Voyado Elevate

The knowledge graph

The Knowledge Graph is the foundation of how Elevate understands products and search. It maps product types, attributes, and the relationships between concepts so that search results are based on meaning, not just matching words.

How it works

A structured map of products and concepts

At its core, the Knowledge Graph is a structured map of product types, their attributes, and how concepts relate to one another. For each product type, for example a shirt— a shirt, it defines which attributes matter: brand, shape, pattern, material, and so on. These aren't just labels. The Knowledge Graph understands that "slim" refers to a fit, that "cobalt" is a shade of blue, and that a bow tie and a tie are distinct products that belong to a shared contextual category.

The structure is hierarchical, meaning it captures both broad and specific ideas. "Clothing" is a valid concept, but "tank top" is a much more precise one. When a customer searches at any level of specificity, Elevate can connect their query to the right products, regardless of whether they search for something general or something very particular.

Multilingual by design

The Knowledge Graph also handles language. If your product catalog is in Swedish or German, customers can still search in English and get relevant results. This works because the Knowledge Graph contains multilingual dictionaries that map equivalent concepts across languages. The translation happens inside Elevate without having to depend on your products being described in the right language.

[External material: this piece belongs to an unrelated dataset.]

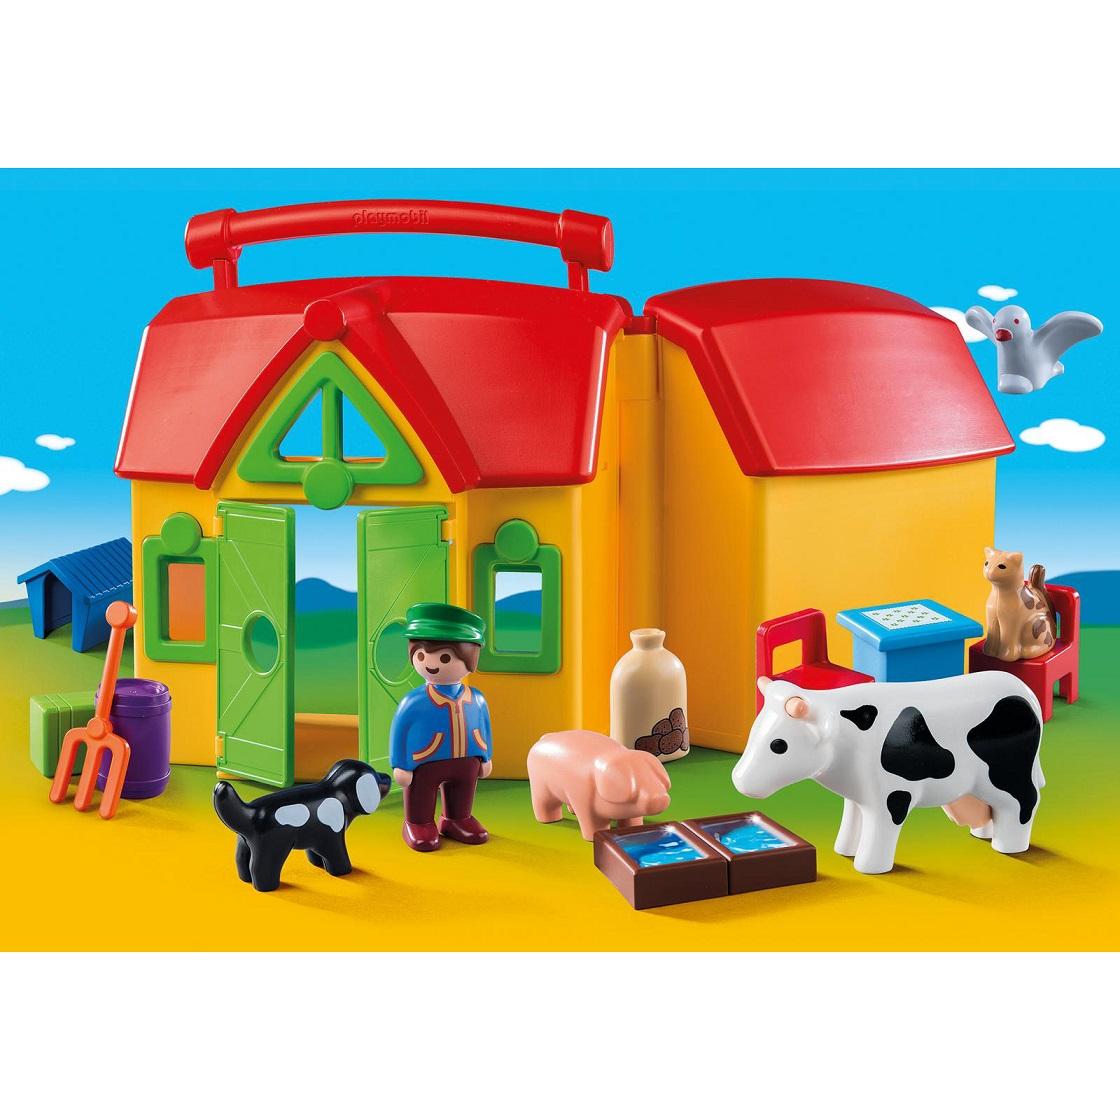 Игровой набор Ферма из серии Возьми с собой - Игровые наборы Зоопарк, Ферма, артикул: 175260
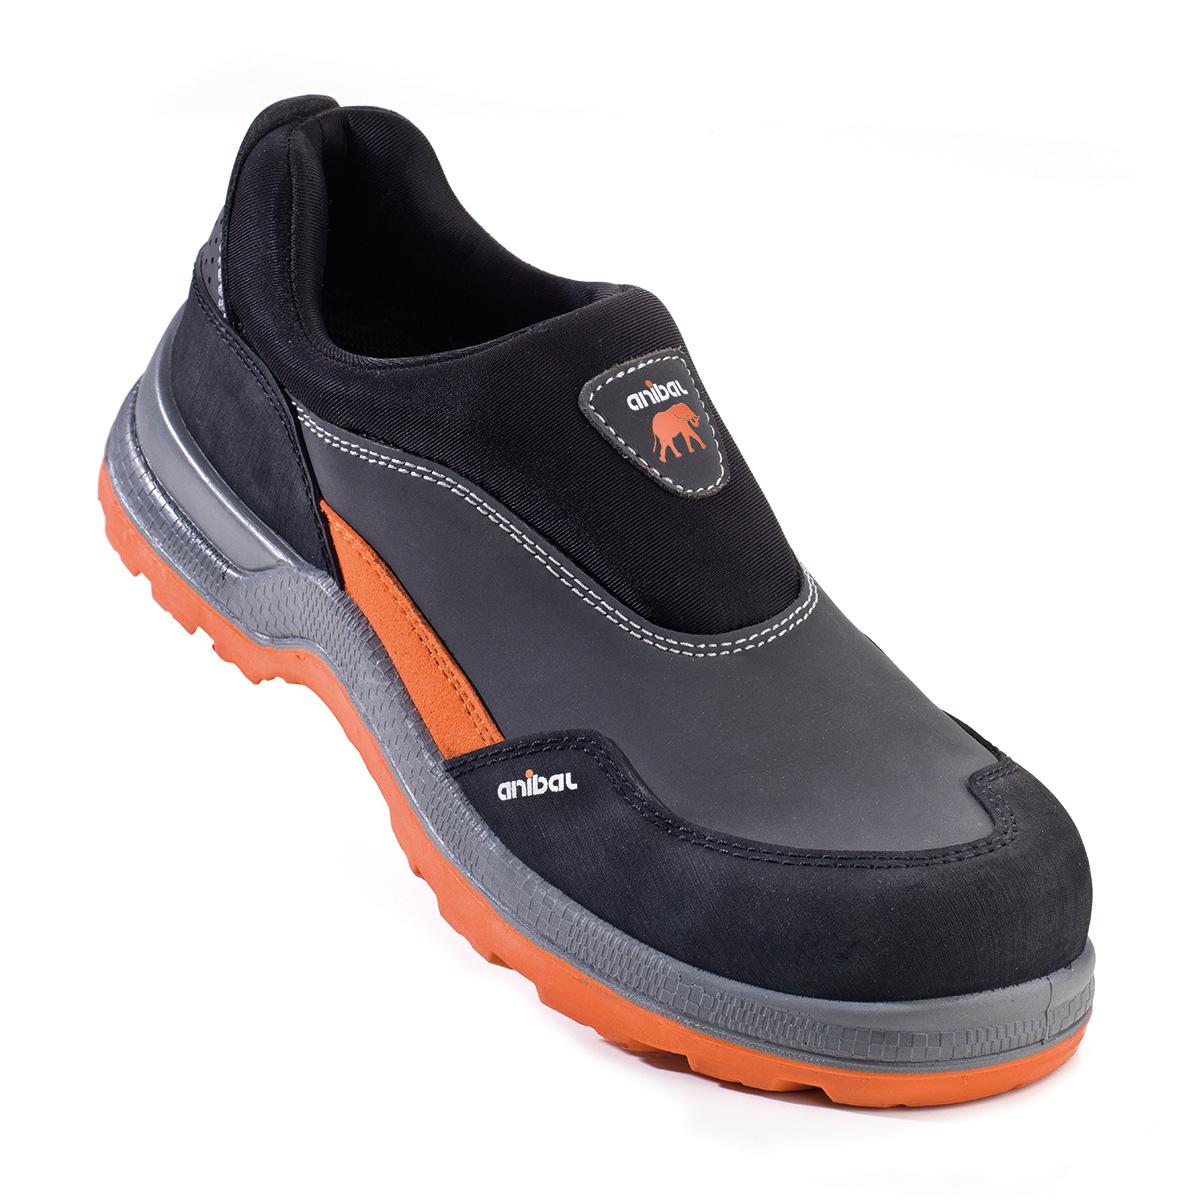 c6a23811758 | Productos | Calzado de Seguridad | Sporty Deportivos Metal Free | Ref.  1688-ZA | Marca Protección Laboral

Continuously maintained and expanded

Two dedicated teams continuously maintain and improve the Knowledge Graph. One focuses on expanding and refining the product models; the other works on improving how individual customers' products are classified within them. It's a living system that evolves with new product categories, new terminology, and the needs of the retailers using it.

When applied to your catalog, the Knowledge Graph operates selectively. If you sell fashion, Elevate focuses on the parts of the graph relevant to fashion. If you're in tools and home improvement, it focuses there. The full graph is vast, spanning many industries and segments, but what matters in practice is the slice that applies to your products.

How to get the most from the Knowledge Graph

Keep your product data clean and consistent

The Knowledge Graph works best when your product data is accurate. The more consistently your catalog describes your products, with correct brands, clear titles, and well-structured attributes, the more effectively Elevate can map them to the right concepts in the graph.

Request expansions for specialist needs

For most retailers, the standard Knowledge Graph covers everything you need. However, some businesses have very specific requirements that the general model doesn't handle by default. If you sell licensed merchandise for particular sports teams, products tied to specific franchises or character brands, or operate in a highly specialized niche, the standard definitions may not go deep enough.

In those cases, reach out to your Customer Success Manager. The teams that maintain the Knowledge Graph can evaluate whether a custom expansion is appropriate for your catalog. For example, if a retailer sells merchandise for a specific sports league, Elevate can be extended to understand individual teams and return only the right ones and not just anything in the same general category.